* Aim of the exercise
With the pictures left out, write out exactly the lines of the listing below that run from the line with "Livro infantil O" through the line with "New York Nets T-Shirt".

* Provided records
--
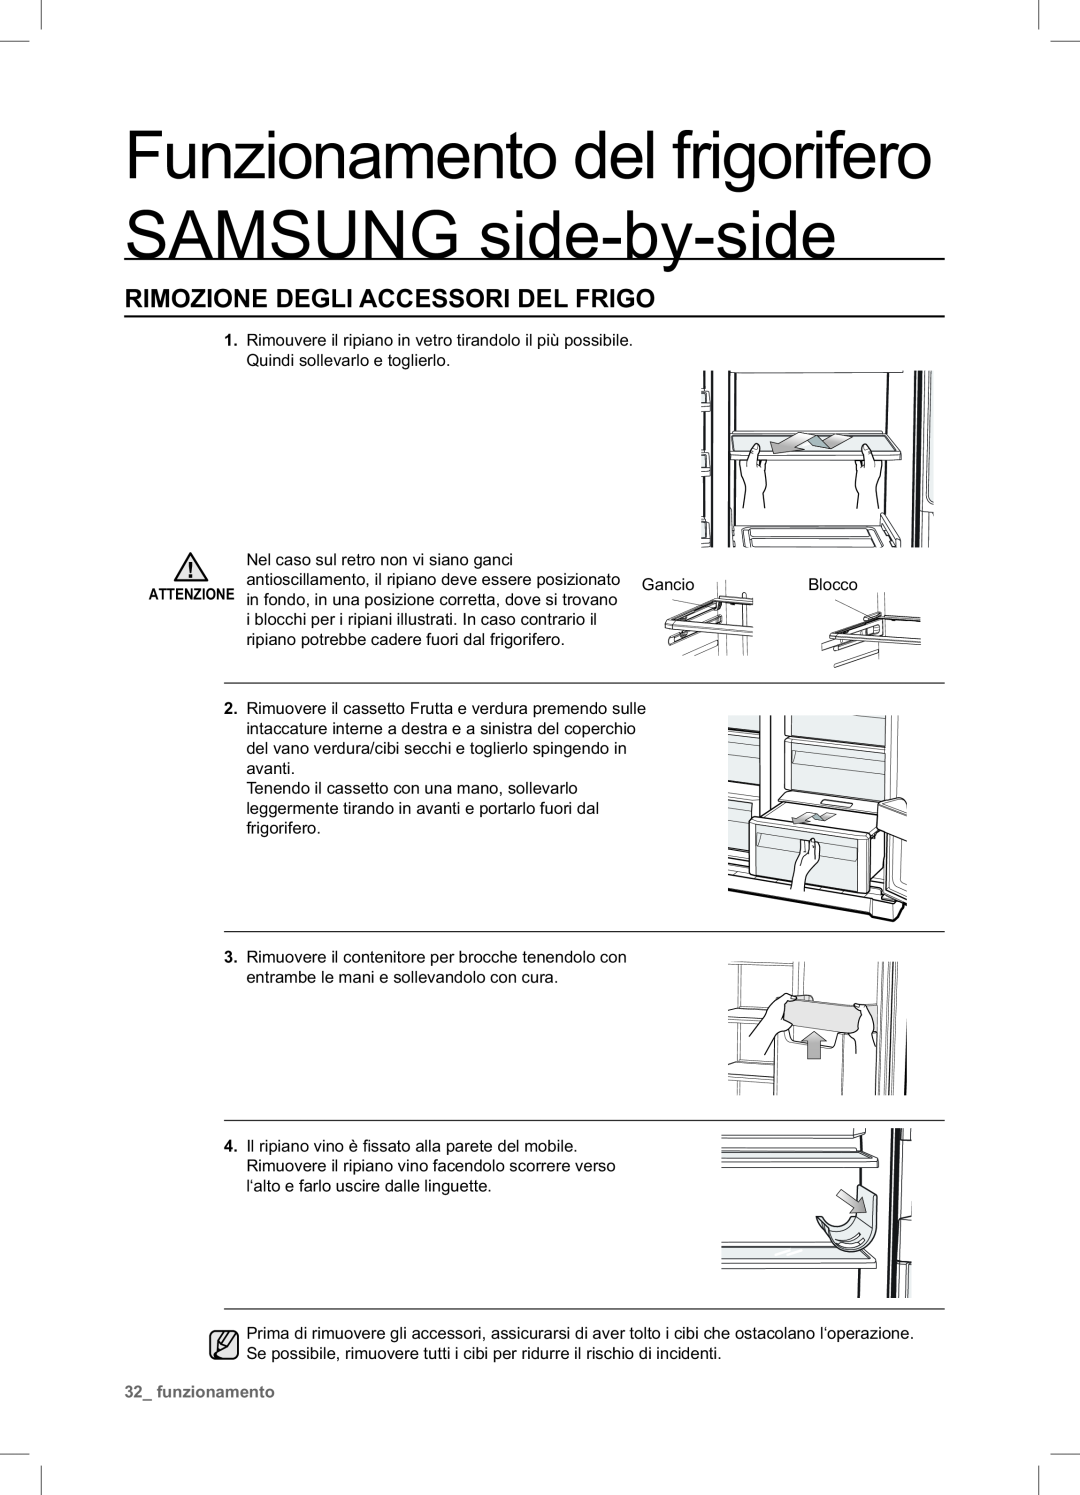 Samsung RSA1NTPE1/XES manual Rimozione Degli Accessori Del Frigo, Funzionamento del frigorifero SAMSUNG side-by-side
--
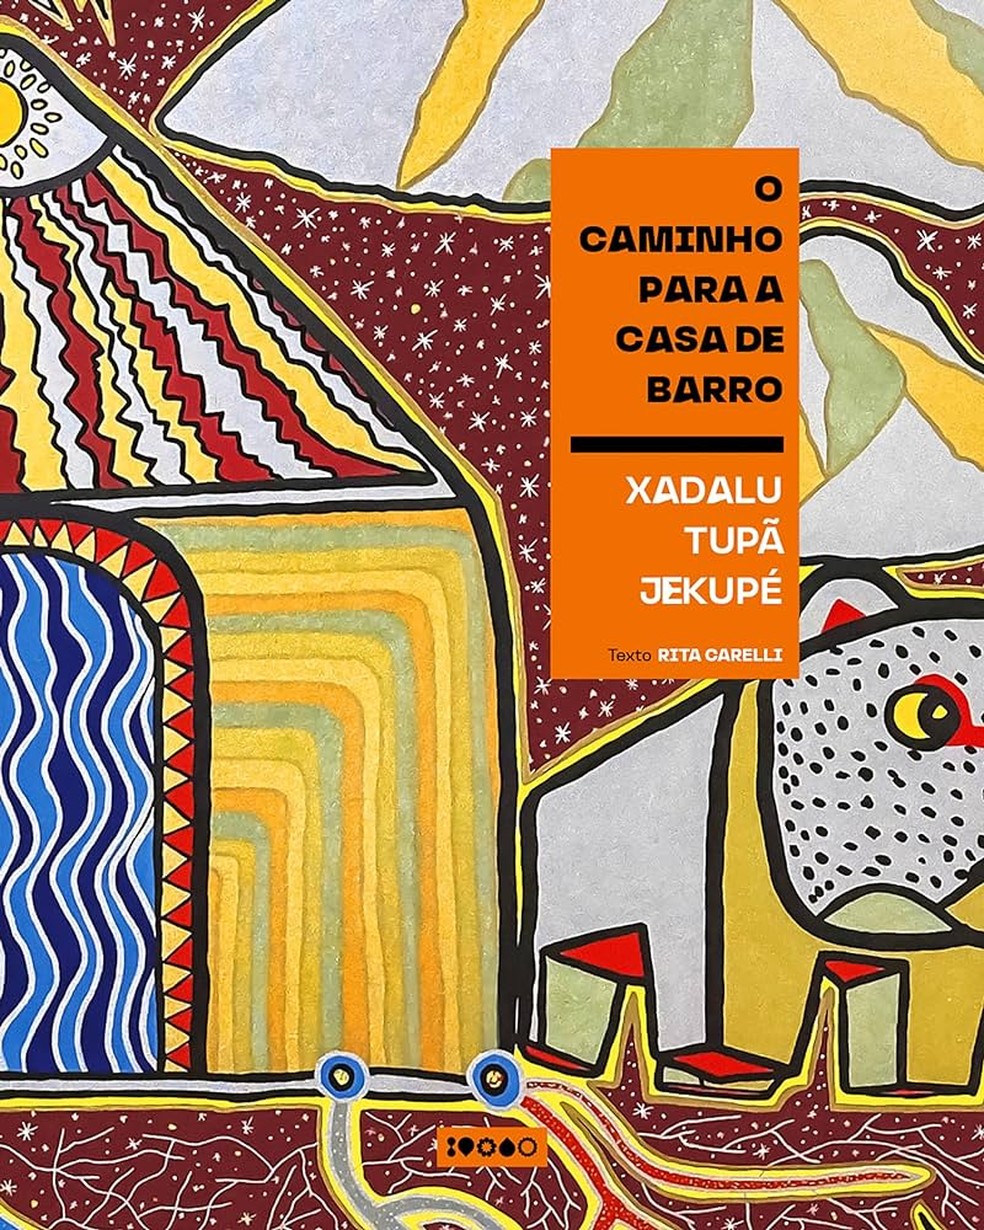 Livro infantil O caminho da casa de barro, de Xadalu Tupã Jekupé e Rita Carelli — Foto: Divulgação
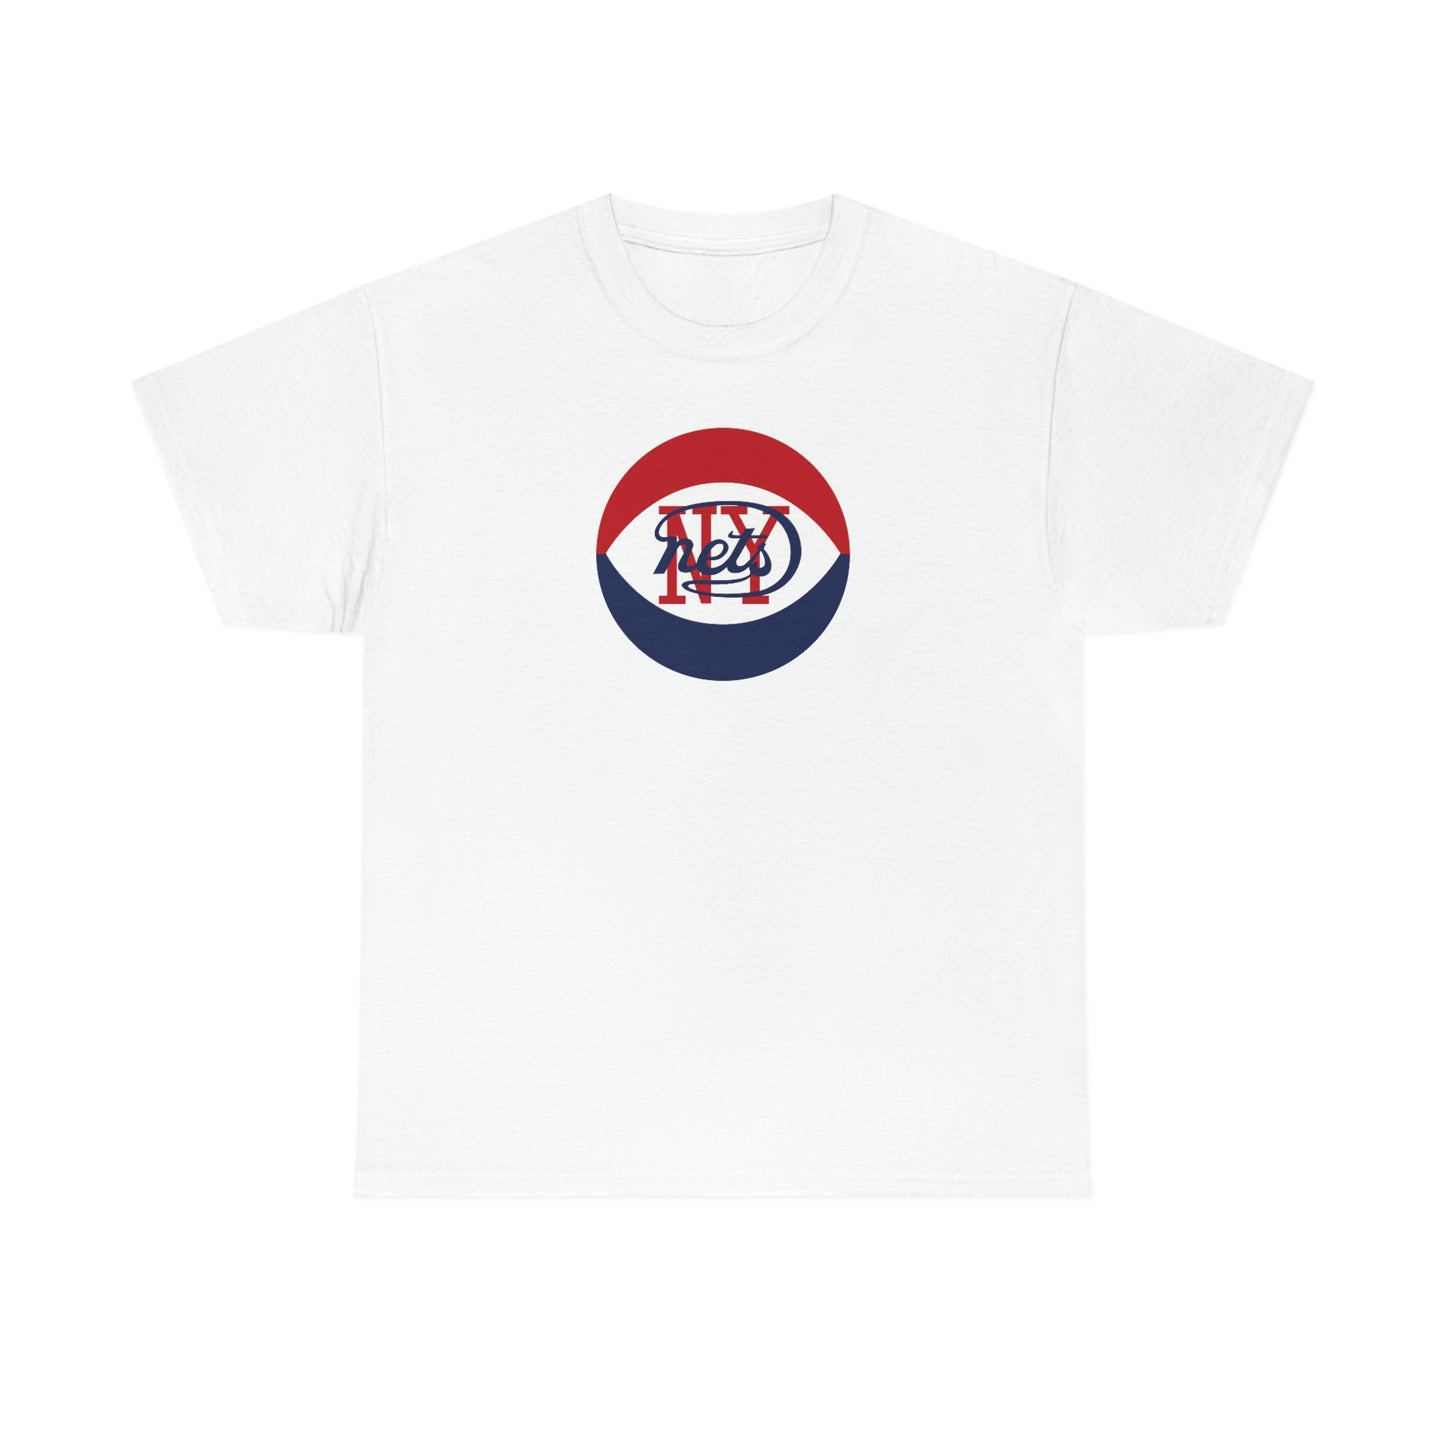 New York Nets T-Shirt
--
* Result
 Livro infantil O caminho da casa de barro, de Xadalu Tupã Jekupé e Rita Carelli — Foto: Divulgação
 New York Nets T-Shirt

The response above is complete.